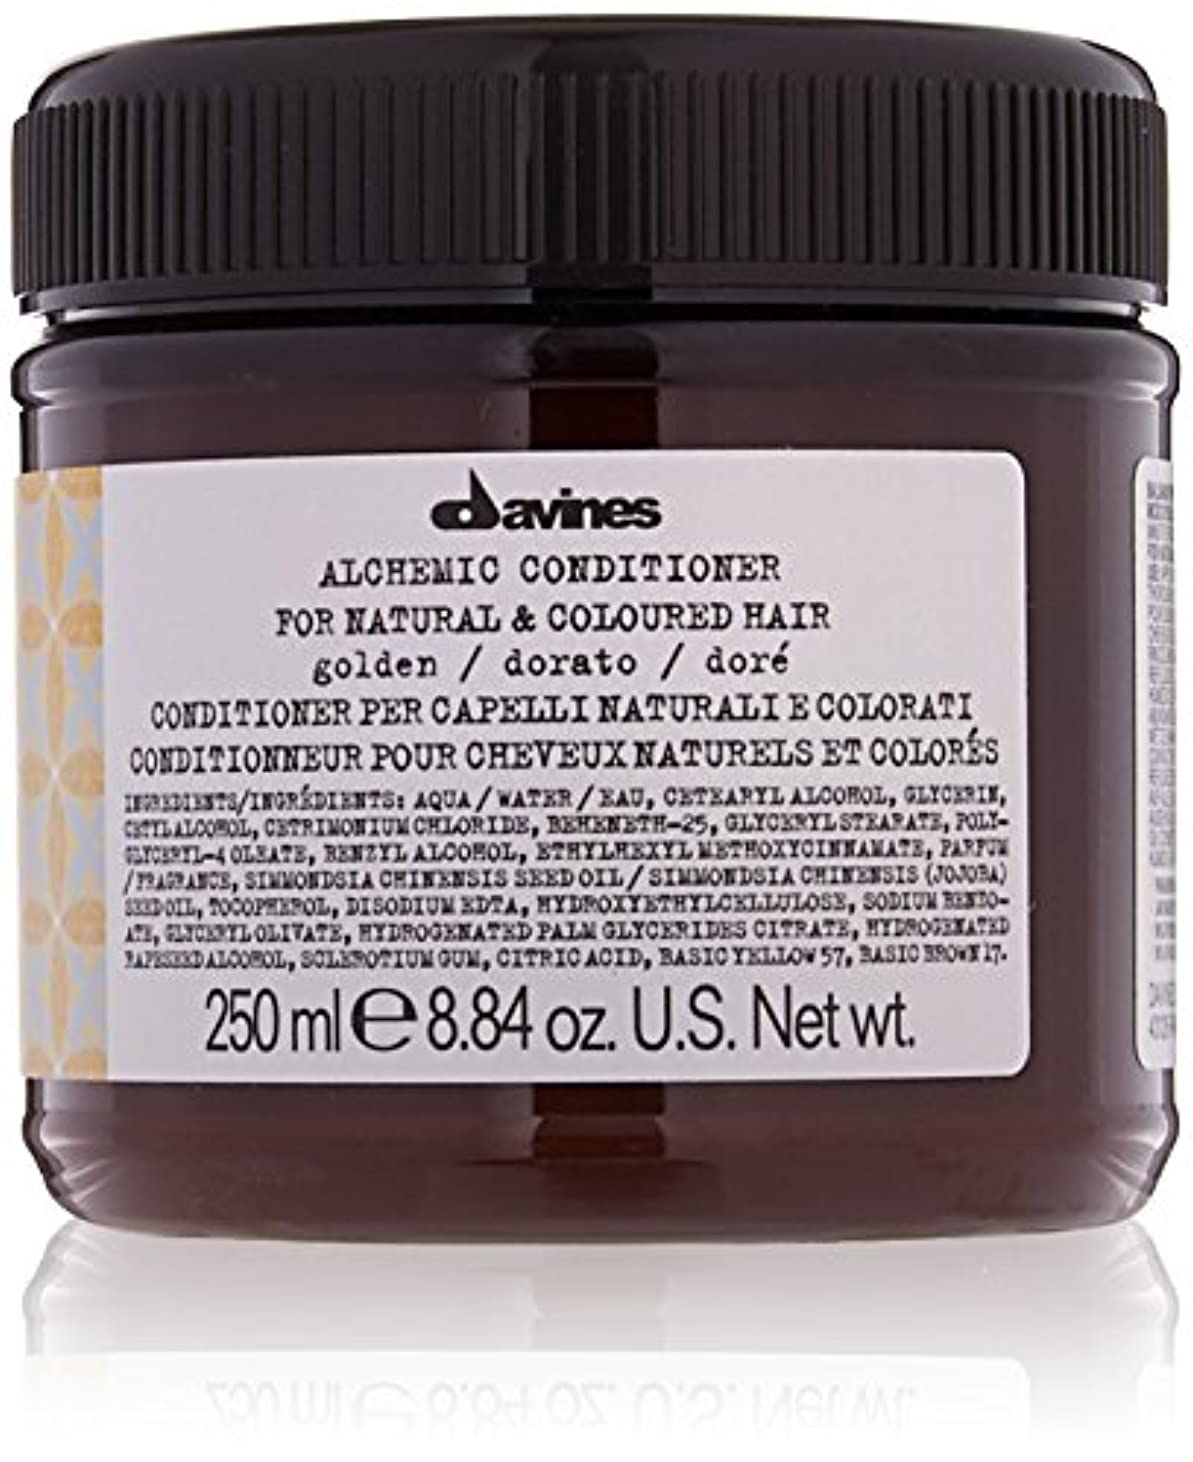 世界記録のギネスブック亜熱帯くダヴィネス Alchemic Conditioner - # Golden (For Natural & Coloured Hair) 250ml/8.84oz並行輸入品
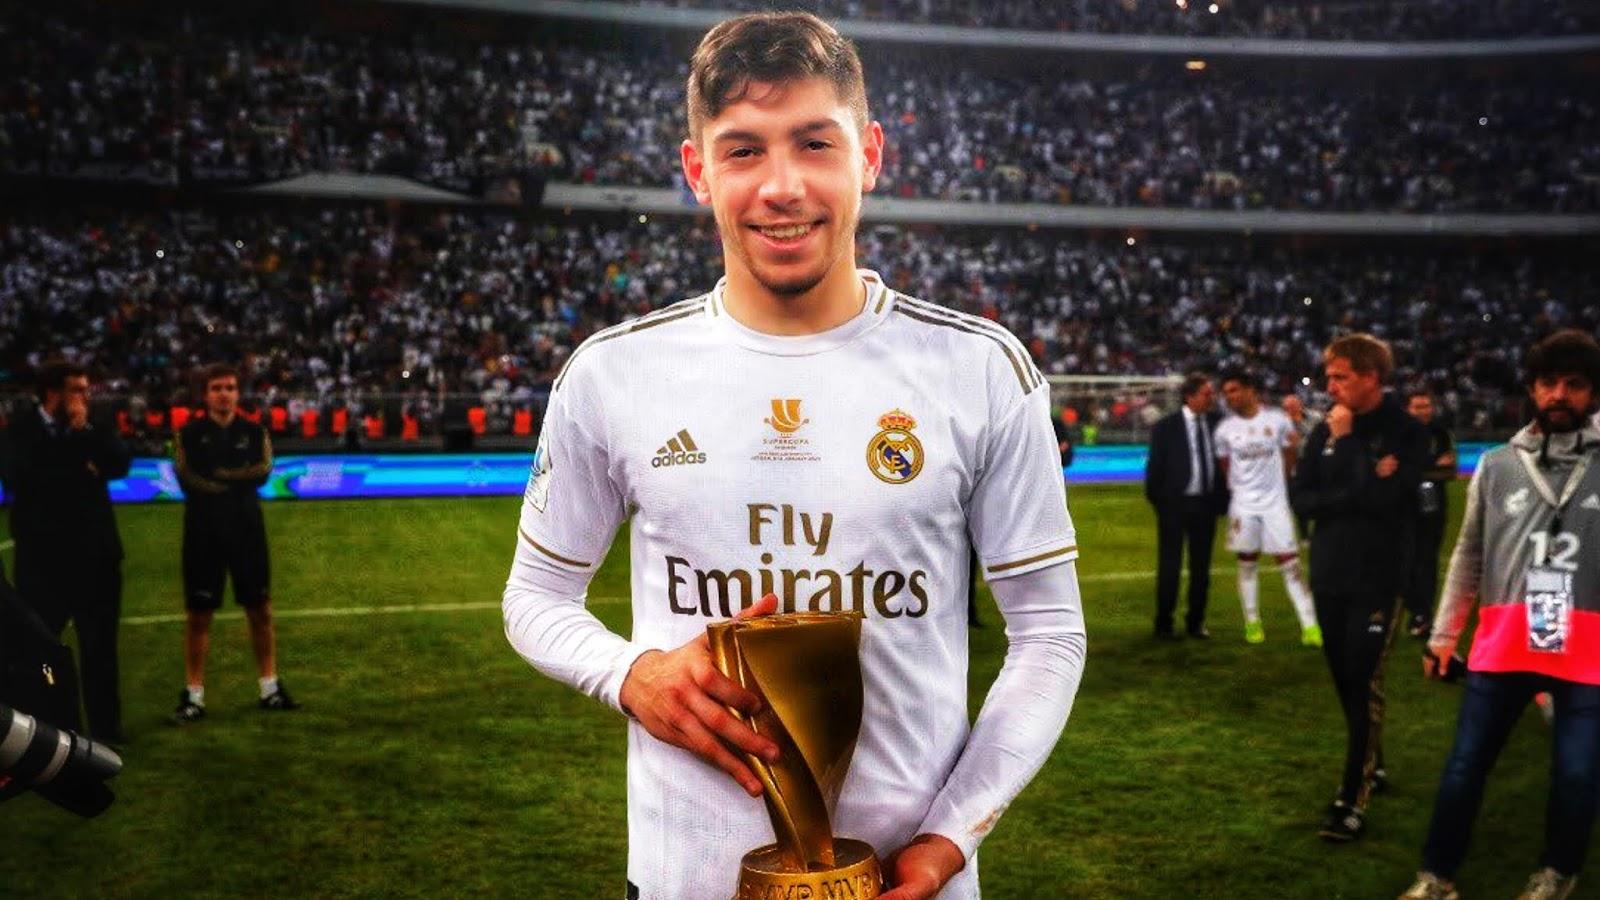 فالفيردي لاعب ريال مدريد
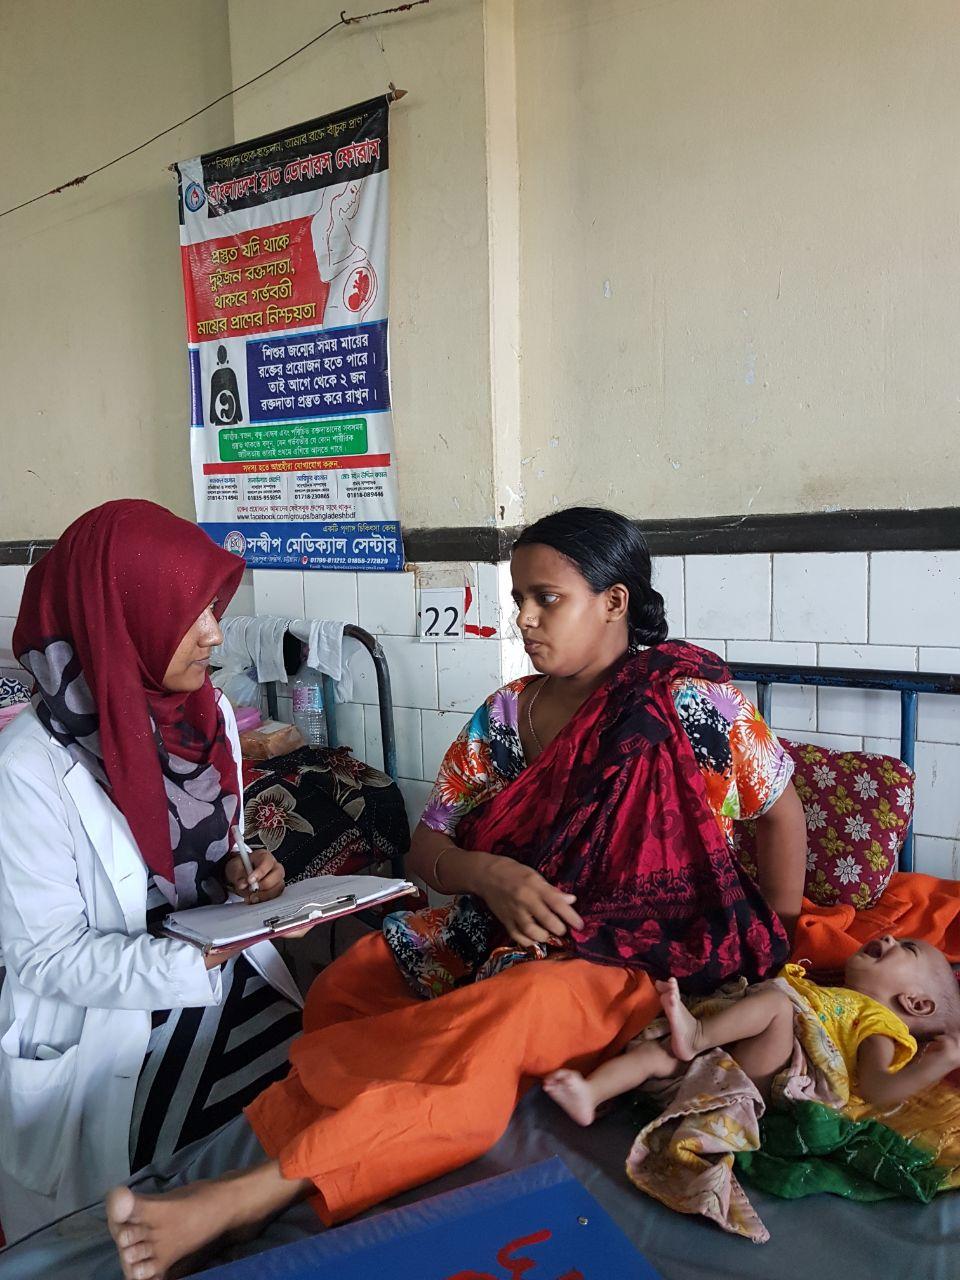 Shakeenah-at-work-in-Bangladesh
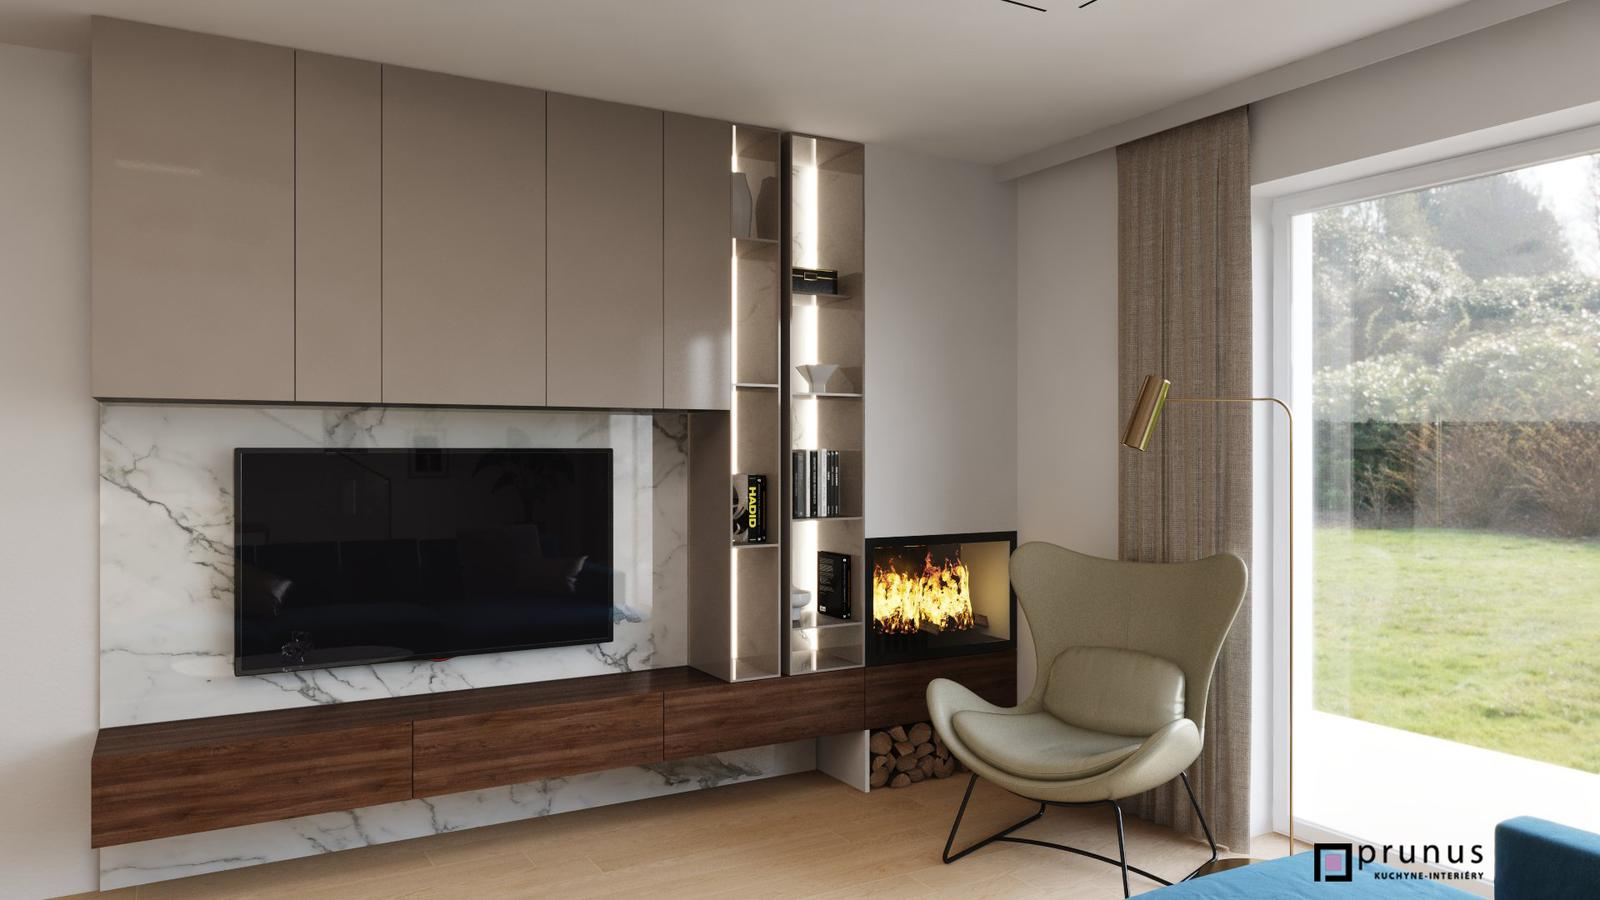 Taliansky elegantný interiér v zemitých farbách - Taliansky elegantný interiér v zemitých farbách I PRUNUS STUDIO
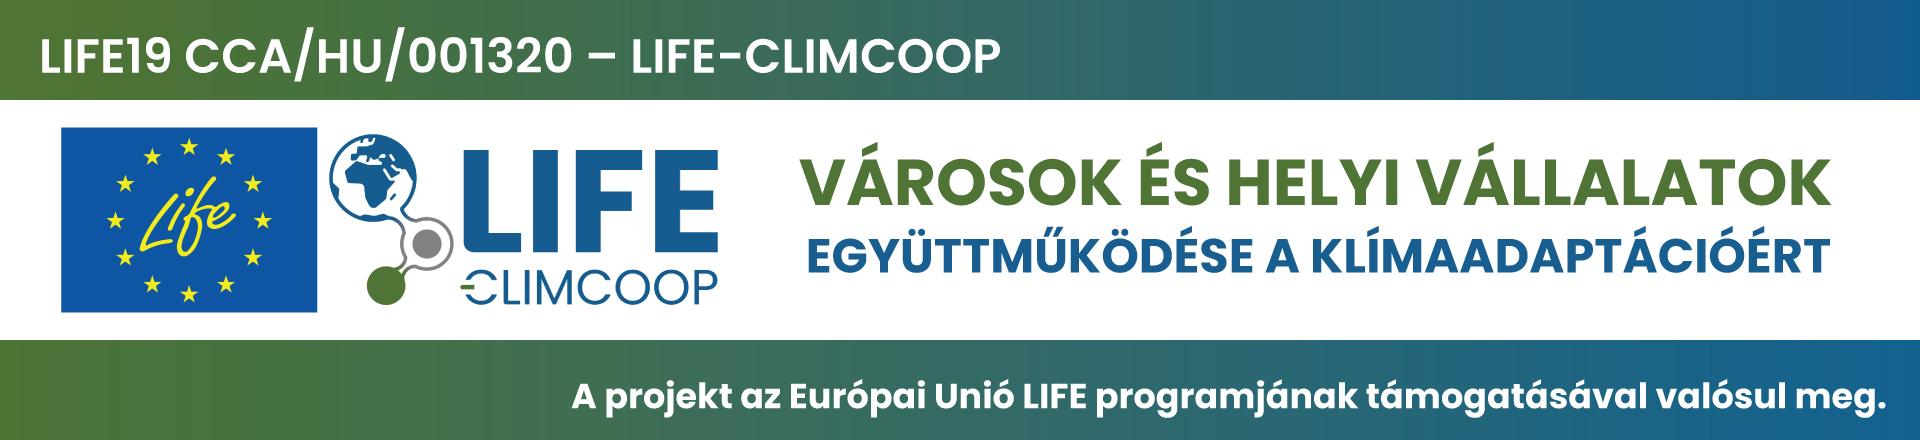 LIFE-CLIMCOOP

INSTRUCTIONS TO FOLLOW: Once the pictures are set aside, retype the rest of the listing exactly.

SOLVED EXERCISE:
 世界記録のギネスブック亜熱帯くダヴィネス Alchemic Conditioner - # Golden (For Natural & Coloured Hair) 250ml/8.84oz並行輸入品
 فالفيردي لاعب ريال مدريد
 Shakeenah-at-work-in-Bangladesh
 Taliansky elegantný interiér v zemitých farbách - Taliansky elegantný interiér v zemitých farbách I PRUNUS STUDIO
 LIFE-CLIMCOOP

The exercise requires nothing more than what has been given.